On Thursday the Washington Times reported that a play titled, “Kill Climate Deniers,” began its theatrical run when it kicked off the 2018 season of the Griffin Theatre in Sydney after a week of previews. The final show is scheduled for April 7.
The plot? According to the play’s website:
As a classic rock band take the stage in Parliament House’s main hall, 96 armed eco-terrorists storm the building and take the entire government hostage, threatening to execute everyone unless Australia ends global warming. Tonight.
Now, the embattled Environment Minister has no choice but to pick up a gun and stand up for her ideals, pushing back against the threat which has engulfed her country – one terrorist at a time.
Four years after backlash shut down the original staging of the play, David Finnigan’s Kill Climate Deniers has now opened in Sydney.

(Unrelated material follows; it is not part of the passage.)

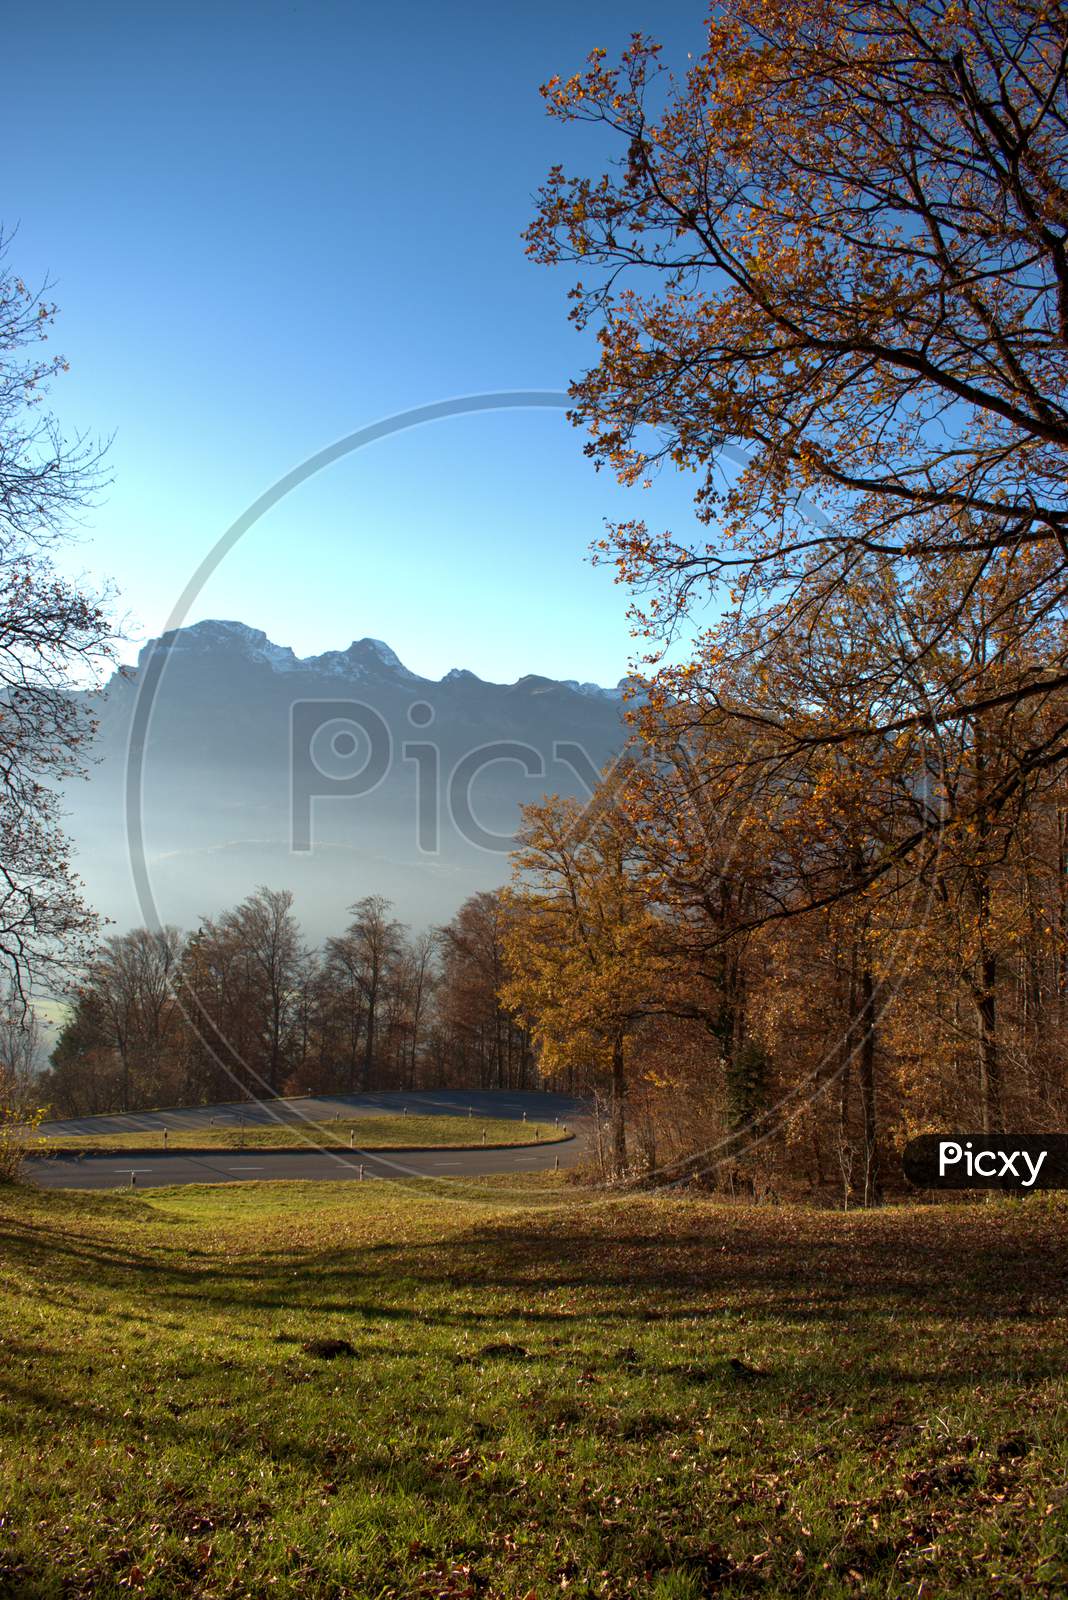 Colorful autumn scenery in Triesenberg in Liechtenstein 18.11.2020

In 2014, Finnigan was commissioned by Canberra’s Aspen Island Theatre Company to write a play that explored climate change and Australian politics. He called the play Kill Climate Deniers, and was given a $19,000 grant from the ACT Government to develop it.
A small production from a relatively unknown playwright, it might’ve ended in a small run with a small audience. But then Andrew Bolt caught wind of it.
The Herald Sun columnist was not impressed:
“What sane government donates to a project urging others to kill fellow citizens, even as a “joke”?”
Despite the violent name, Finnegan claims the play is not a violent call to arms but rather “a pretty joyful comedy.”
“It’s a high-octane action adventure thriller set in Parliament House,” he added.
Reich further wrote:
Sydney’s Griffin Theatre Company’s production of Kill Climate Deniers is the first full-scale mounting of the play, which won the company’s Griffin Award in 2017.
“I don’t think anyone is going to take this play literally,” he said.
The artistic director of Griffin Theatre Company, Lee Lewis, directed this staging of Kill Climate Deniers, which she described as having “a uniquely Australian train-smash structure”.
Lewis further said the play must ultimately be read as satire and that “satire is one of our most useful forms for critiquing really difficult politics.”
“It critiques the artist and the audience. It asks everybody to look at it through a different, lighter eye, in order to have the conversation, not the argument,” Lewis added.
“The play had a brief run last fall at the Garage Theater in Long Beach, California, but the latest staging represents the show’s first full-scale production,” the Washington Times said.